Thirdly he took the title Commando, which at first consideration seemed a bit daft because there are only so many stories you can do with commando's before the reader gets a mite bored with raids on Nazi cliff top secret weapons centres. But the beauty of Checkley's choice of title was that it got away from all the titles that had alrady been taken, I mean people were actually launching titles such as "Fight", "Conflict" etc. With Commando as a title Checkley summed up his editorial vision and to undeline it got Barr to design the banner header and paint the famous Sykes Fairburn dagger to double underline where the title was coming from.
Fourthly and again bearing in mind that he couldn't really better the actual writing and drawing of the Fleetway competition he went for stories that were strong on concept so that you'd have a cover which would arouse the kind of insatiable curiosity that could only be alleviated by actually buying the thing.
It was undoubtedly Checkley that made the thing work, that plus a degree of senendipitous good fortune insofar as key artists such as Barr and Gordon Livingstone were literally living down the road, working as staff artists and gave him a very strong core team to work with.
Have you met any of the creators in person?
No. Obviously I've spoken to a lot of them, but I've never met any of the artists or writers, again it's really down to geography as they're by and large living up in Scotland and I'm right down near the south coast.
Who is your favourite cover artist of all time and why?
Ken Barr – has to be. Really for all the previously stated reasons, I've never spoken to him, he really isn't up for interviews at all these days and I can respect that.
Do you have a favourite period of the title?
Yes, it really has to be 1961—1970. You pretty much get all the Barr covers, sadly Checkley succombed to emphacema fairly early on in the titles run, but his legacy continued under the able stewardship of Ian Forbes. The writing and artwork were improving, there was some really fantabulous artwork being generated by the Spanish artists with the Bermejo studio and Mathias Alonso producing some really superb artwork and Gordon Livingstone's artwork was just getting better and better. The writing was always strong on those early issues too and refreshingly free from that awful poltical correctness that is the bane of creativity in this field. You know, "You kan only zee zer uniform undt net zer menn" kind of shite.
Is Commando easy to find for the tourist that comes along and have a few days in your country?
Lord No! You'd need an experienced guide and a return ticket to Dundee.

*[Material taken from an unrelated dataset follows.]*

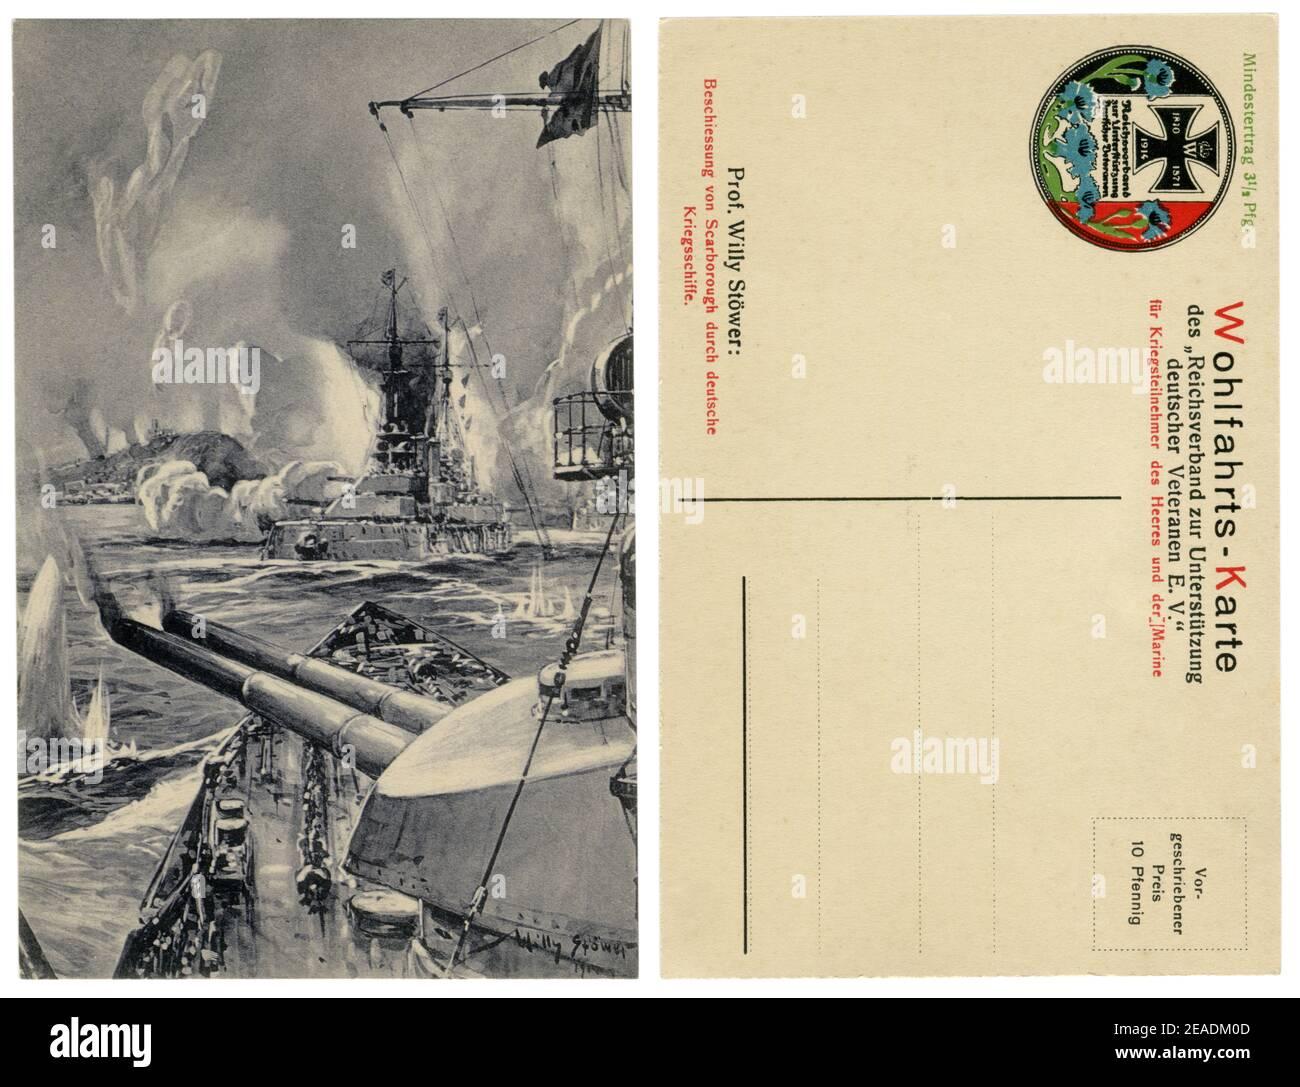 Carte postale historique allemande : bombardement de Scarborough par des navires de guerre allemands. Des fusils de calibre principal sont en train de tirer à la ville anglaise, le 16 décembre 1914 Banque D'Images

Seriously though if you look carefully and search through branches of W.H. Smith's you might be lucky, but as regards local newsagents not very likely.
How common are older issues today at second hand stores?
Sometimes you'll come across a run of issues from the eighties or nineties. But no, they're not that common.
There has been a few Commando annuals, do you wish that it could be a recurring event and what could be done to make them a little more attractive from the fans point of view?
The format was wrong unfortunately, and really what's the point? The comics succeed if at all by the nature of their size, page count, publishing frequency, all of which is thrown out the window when put into an annual.
In Finland they have a title called Korkeajännitys which is partly (or mostly) imported Commando stories, but they jam four issues together in 260 page issues and ship them out as little books. Would you like to see something similar in your country?
No ... for the reasons above.
96 issues annually is amazing and it could mean that Commando could enter The Guinness Book of Records if they had a go at it. Did the title always come out with 96 issues per year or has it varied over the years?
Well here lies the reason for Commando's rarity as regards those early issues. Commando really was Chick Checkley's baby amd the people with the purse strings at Thomson's were not going to take any unwarranted risks with filling the shelves with loads of potential returns so initial print runs I suspect were quite limited and it really was two issues per month for the first year, and then come issue 25 the publishing frequency was upped to three issues a month until issue 30 when they took the plunge and matched the Fleetway norm of four issues a month. Come Spring 1967 and they actually steal a march on Fleetway and push to three issues a fortnight, effectively six issues a month and all original material, although they did start to rehash some of the early scripts. Fleetway followed suit and upped it's publishing schedule to six issues a month in January 1968 although they did this by sourcing the extra two comics from the stories already published with new covers. Effectively the start of the reprints.
American comics are often presented with credits for the writers and artists, isn´t that one area were Commando could update its style and include that information in each issue? How do you feel about this as a fan?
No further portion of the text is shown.